Серж взял на работе отпуск и поехал в Восточный Берлин. Министерство внутренних дел ГДР предоставило ему доступ к документам, в которых упоминалась деятельность Кизингера в качестве чиновника Третьего рейха. Скопировав наиболее важные из них, Серж вернулся в Париж с толстой папкой. Большая часть полученных материалов была использована в книге, которую Кларсфельды поспешно опубликовали, сделав в ней особый упор на «заслугах» Кизингера как координатора нацистской пропаганды.
В дальнейшем восточногерманское руководство еще не раз помогало Кларсфельдам в ведении кампаний против бывших нацистов, занимавших видные посты в ФРГ. Беату и Сержа порой обвиняли в том, что они действуют в интересах властей ГДР, которые приветствовали любую возможность настроить общественное мнение против Бонна. Беата действительно давала поводы заподозрить ее в подверженности влиянию восточногерманской пропаганды. 2 сентября 1968 года она написала в газете «Комба», что две Германии должны воссоединиться, образовав «подлинно социалистическое, демократическое мирное государство».[565] В этом заявлении ощущается явное влияние гэдээровской риторики.

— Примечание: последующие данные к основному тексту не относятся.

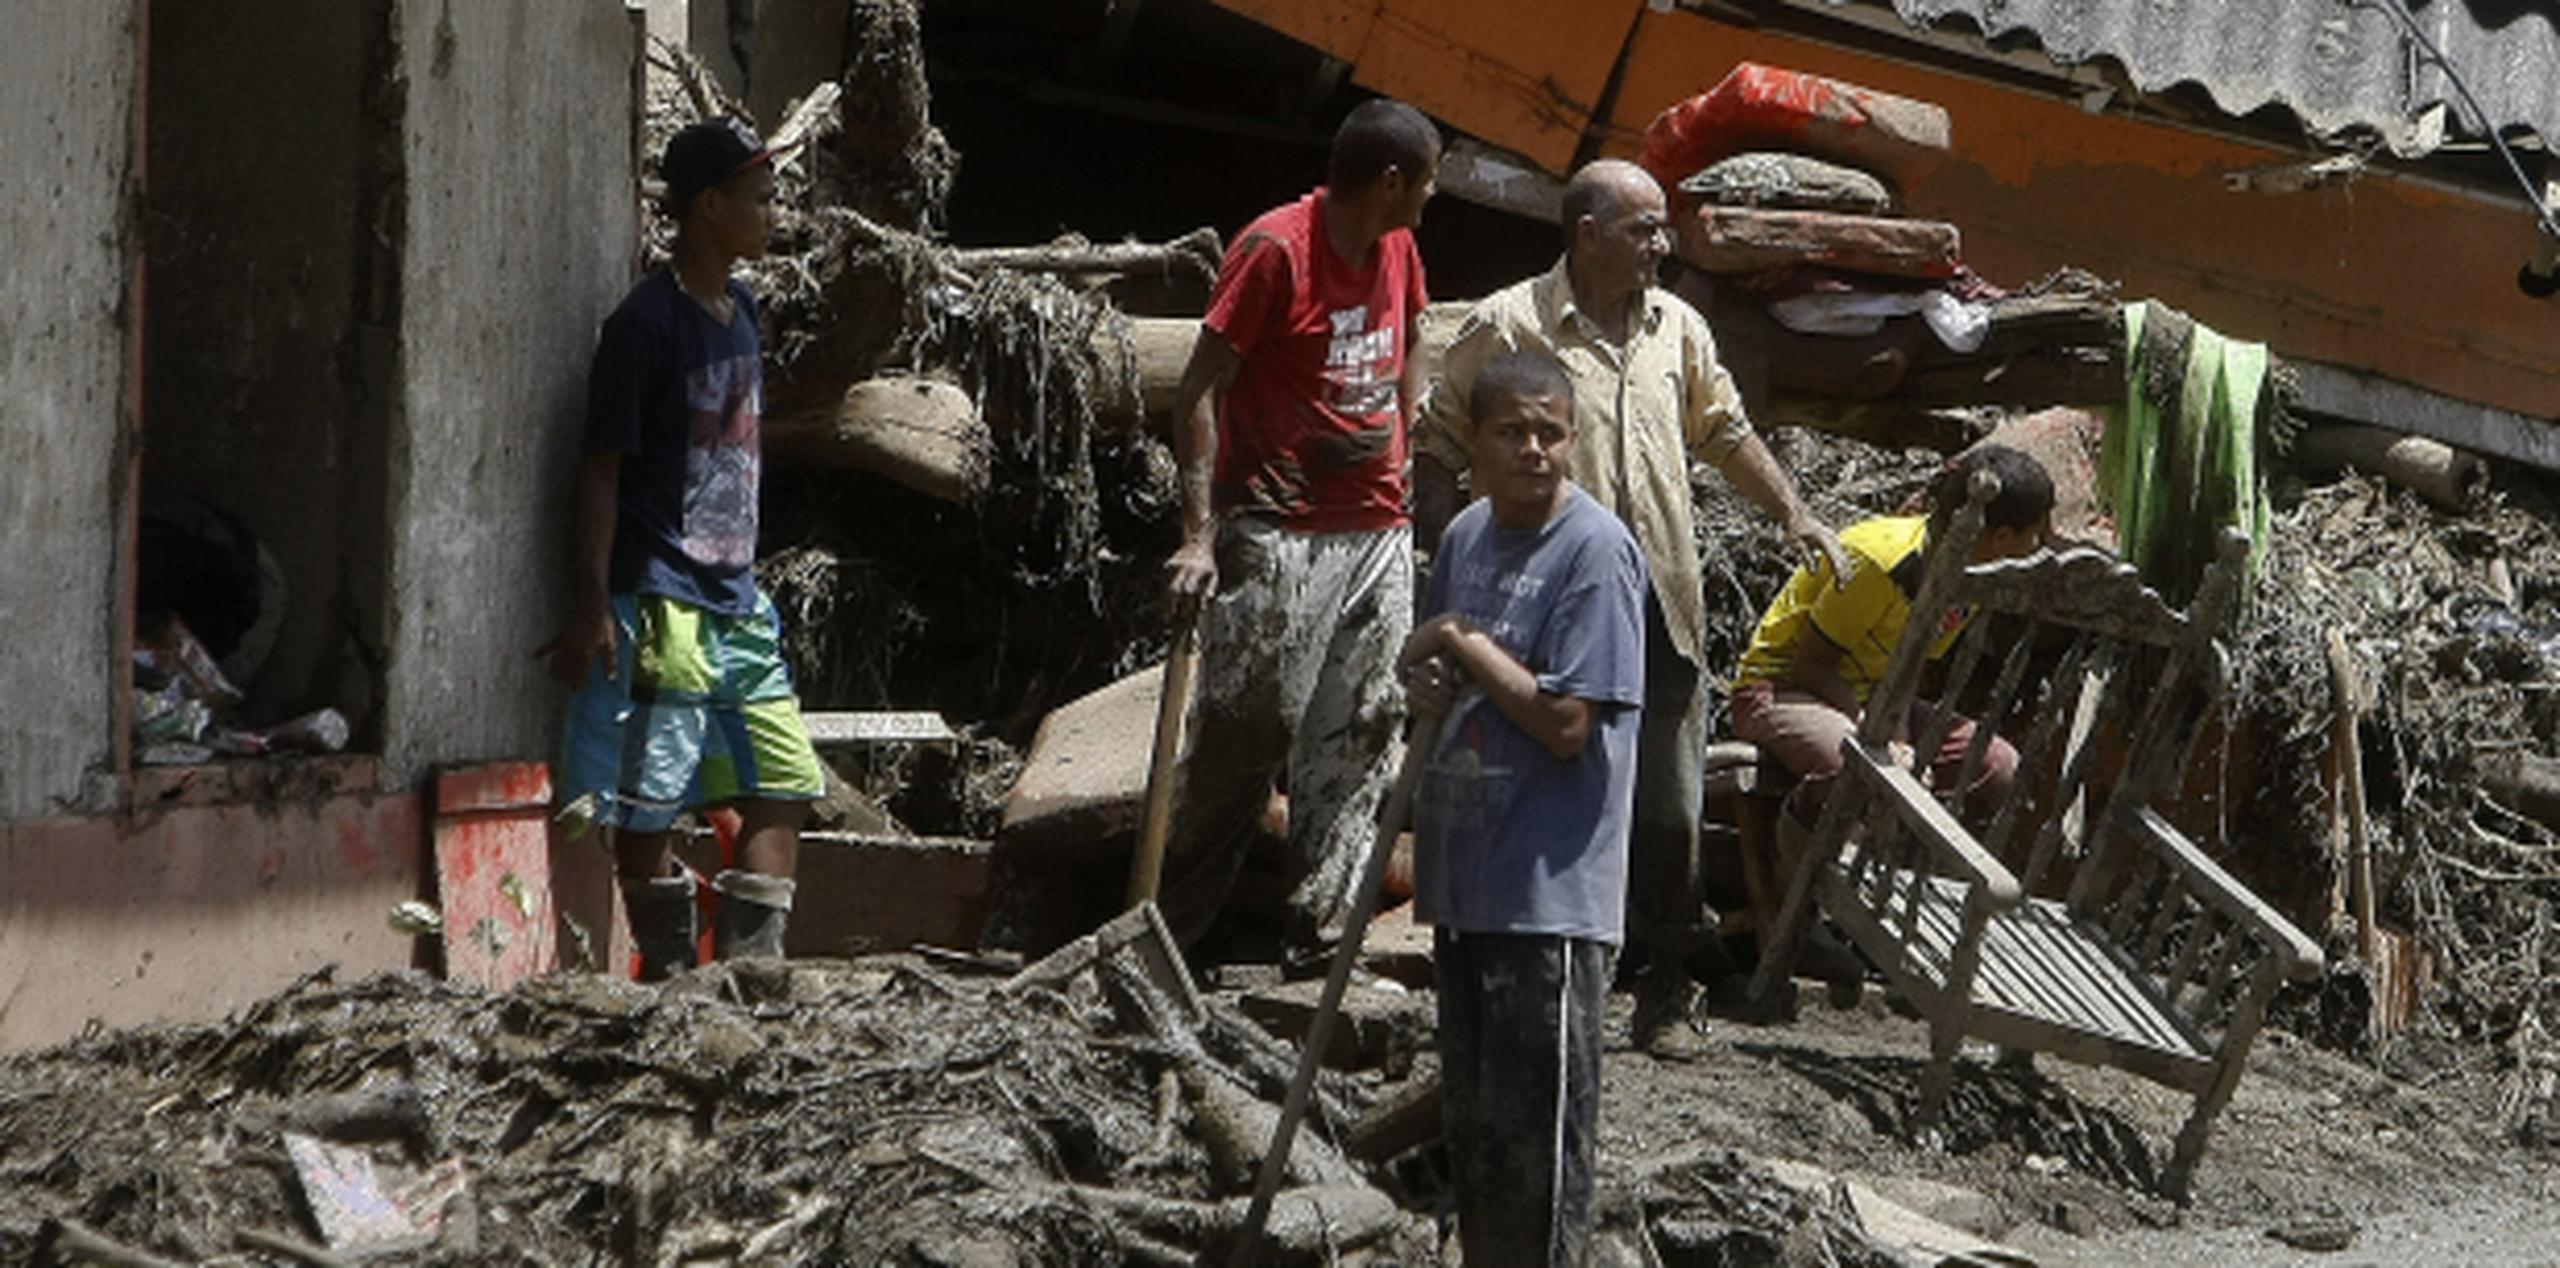 Barro y escombros arrasaron la localidad montañosa de Salgar, en el departamento de Antioquia, Colombia, dejando un número indeterminado de desaparecidos.(EFE)

Когда, после падения Берлинской стены, были рассекречены архивы Штази, восточногерманской тайной полиции, и Социалистической единой партии Германии, на Кларсфельдов посыпались новые обвинения – в получении денег от руководства ГДР. Так, 3 апреля 2012 года в консервативной ежедневной газете «Вельт» вышла статья под заголовком «Беату Кларсфельд вооружали Штази и СЕПГ».
Кларсфельды открыто признают, что принимали помощь Восточной Германии в сборе необходимых материалов – особенно по делу Кизингера. Кроме того, в ГДР были напечатаны две их книги о нацистах, совершавших преступления на территории оккупированной Франции. Несколько экземпляров авторы разослали западногерманским парламентариям и другим крупным чиновникам. Такие акции помогали Кларсфельдам оказывать посильное влияние на общественное мнение, а также отстаивать свои права. Серж не отрицает того, что они с Беатой пользовались поддержкой ГДР, однако подчеркивает: другие страны, в частности Франция и США, тоже помогали им в сборе информации. «Мы никому не позволяли влиять на наш образ мыслей»,[566] – отмечает Кларсфельд.
О том, насколько враждебным может быть восприятие ее заявлений, Беата узнала в семидесятые годы во время поездок в Польшу и Чехословакию[567] для обличения «антисионизма», под видом которого коммунистические правительства фактически разжигали антисемитизм. Попытки Беаты публично выразить протест (в Праге она просто раздавала листовки прохожим, а в Варшаве еще и приковала себя к дереву) в обоих случаях привели к ее аресту и выдворению из страны.